Problems often seem less overwhelming when put down on paper in a clear and organised fashion.

 2. Focus on finding a solution.

Spend no more than 20% of your time and mental energy analysing the problem, and 80% on thinking about the solution.

3. Stop pitying self-talk and negative questions.

Ask yourself, ‘What can I do to solve this problem?’ ‘How can I turn it to my advantage?’ ‘What more do I need to know?’ and so on. These questions get your unconscious working for rather than against you.

4. Don’t exaggerate the problem.

Problems are soon blown up out of all proportion by anxious thoughts, anger, guilt, and looking for someone or something to blame.

5. Don’t underestimate the problem.

Don’t underestimate the problem nor your capacity to deal with it. Many problems are handled badly because they aren’t taken seriously enough. See reality as it is.

6. Take action.

Take action.  NOW. You solve problems only by doing something about them. Sometimes you need to take time to think things through, but once you’ve worked it out get started. Procrastination can be risky.

7. Ask for help if you need it.

Don’t be too proud to ask for help if you need it. Most people like to lend a hand, like to feel useful. It boosts their self-esteem.

8. Ask your intuition.

If all else fails, ask your intuitive mind for guidance (see my other blogs).

Stay flexible

Stay committed to your plans, but don’t be too rigid. Be open to new ideas and don’t dismiss options you haven’t yet thought of. Flexibility does not mean weakness. Trees that sway with the wind best weather the storm!

Sometimes things happen you just can’t help and what matters is how you respond. You have choices. If one path becomes blocked, look for a workable alternative and try again.

Learn from your failures

Life presents each of us with a series of learning curves, each building on the other. Failure is a natural part of success. Failing doesn’t make you a failure as a person. The only real failure is giving up or not trying at all.
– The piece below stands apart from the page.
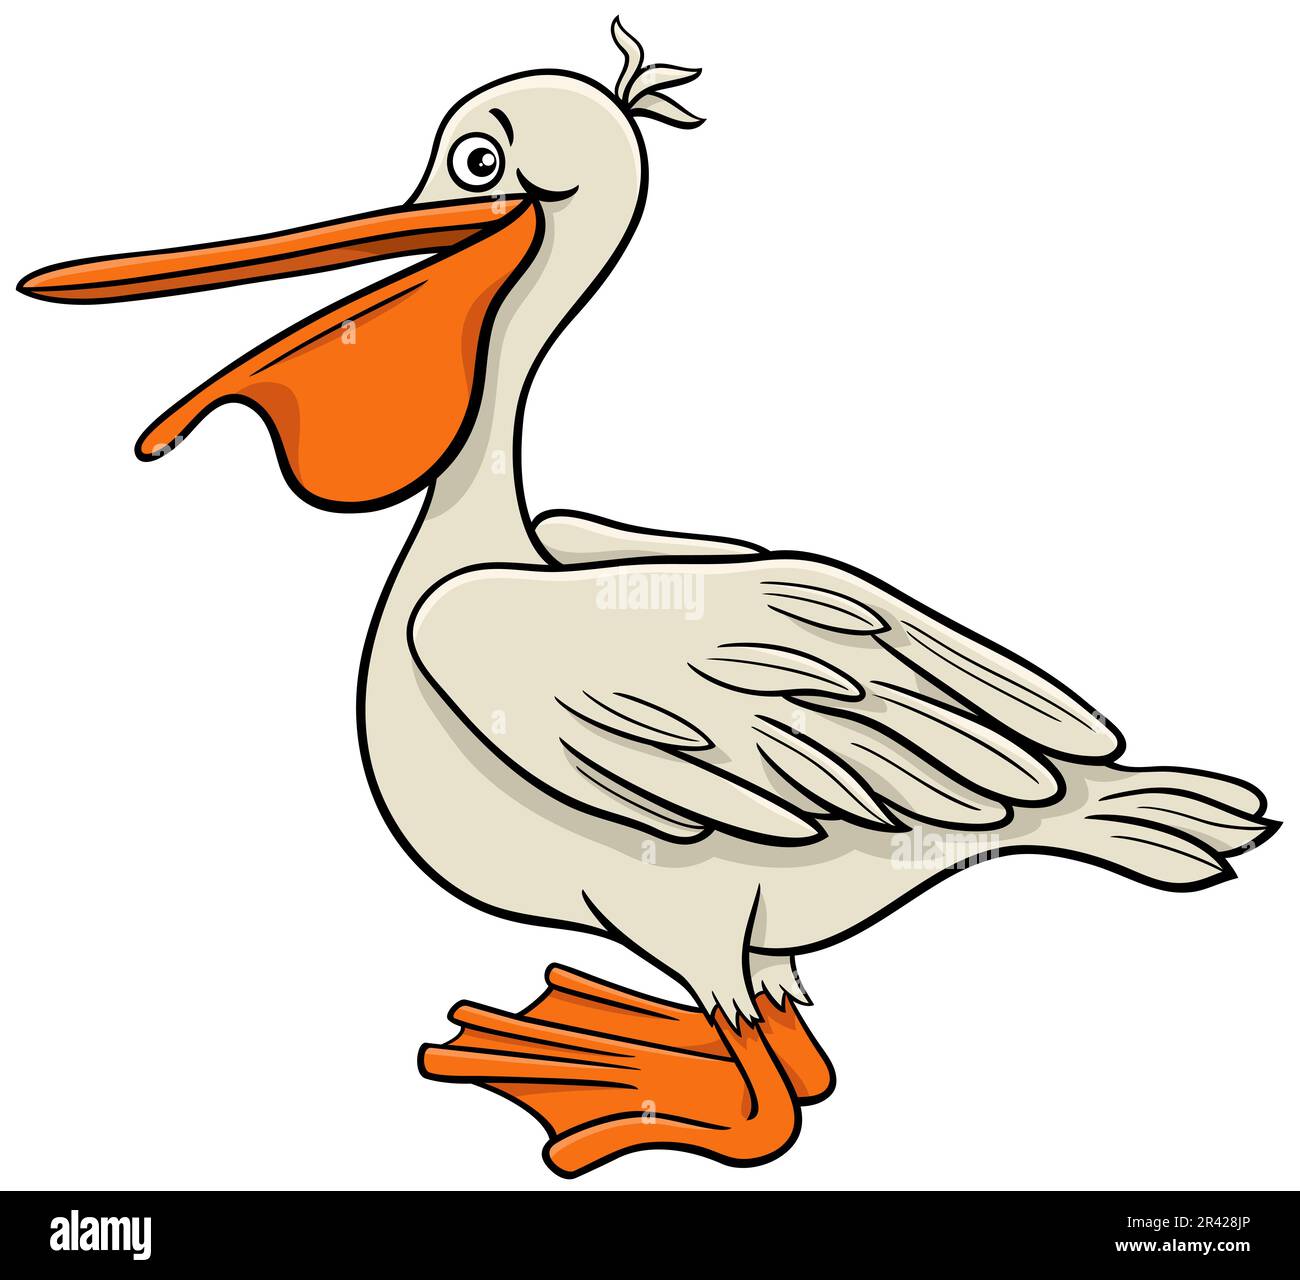 Pelican bird animal character cartoon illustration Stock Photo - Alamy

There are opportunities in every challenge. Every setback contains within it the seeds of success, providing you can spot them. Deal with problems as they arise and turn difficulties to your advantage. Hardly anyone gets everything right first time.

The big questions

If you’re sure you have the right goals, have tried your hardest and still don’t seem to be getting every far, ask yourself the big questions. Be honest with yourself. You may not like the answers that come:

WHAT AM I NOT FACING UP TO?

WHAT AM i UNWILLING TO DO?

Lack of success is often the result of being unwilling to do everything that is required. For example, many well qualified and competent professionals struggle to establish their practices. In nearly every case, their failure is due to their unwillingness to get involved in the business side of things, especially sales promotion.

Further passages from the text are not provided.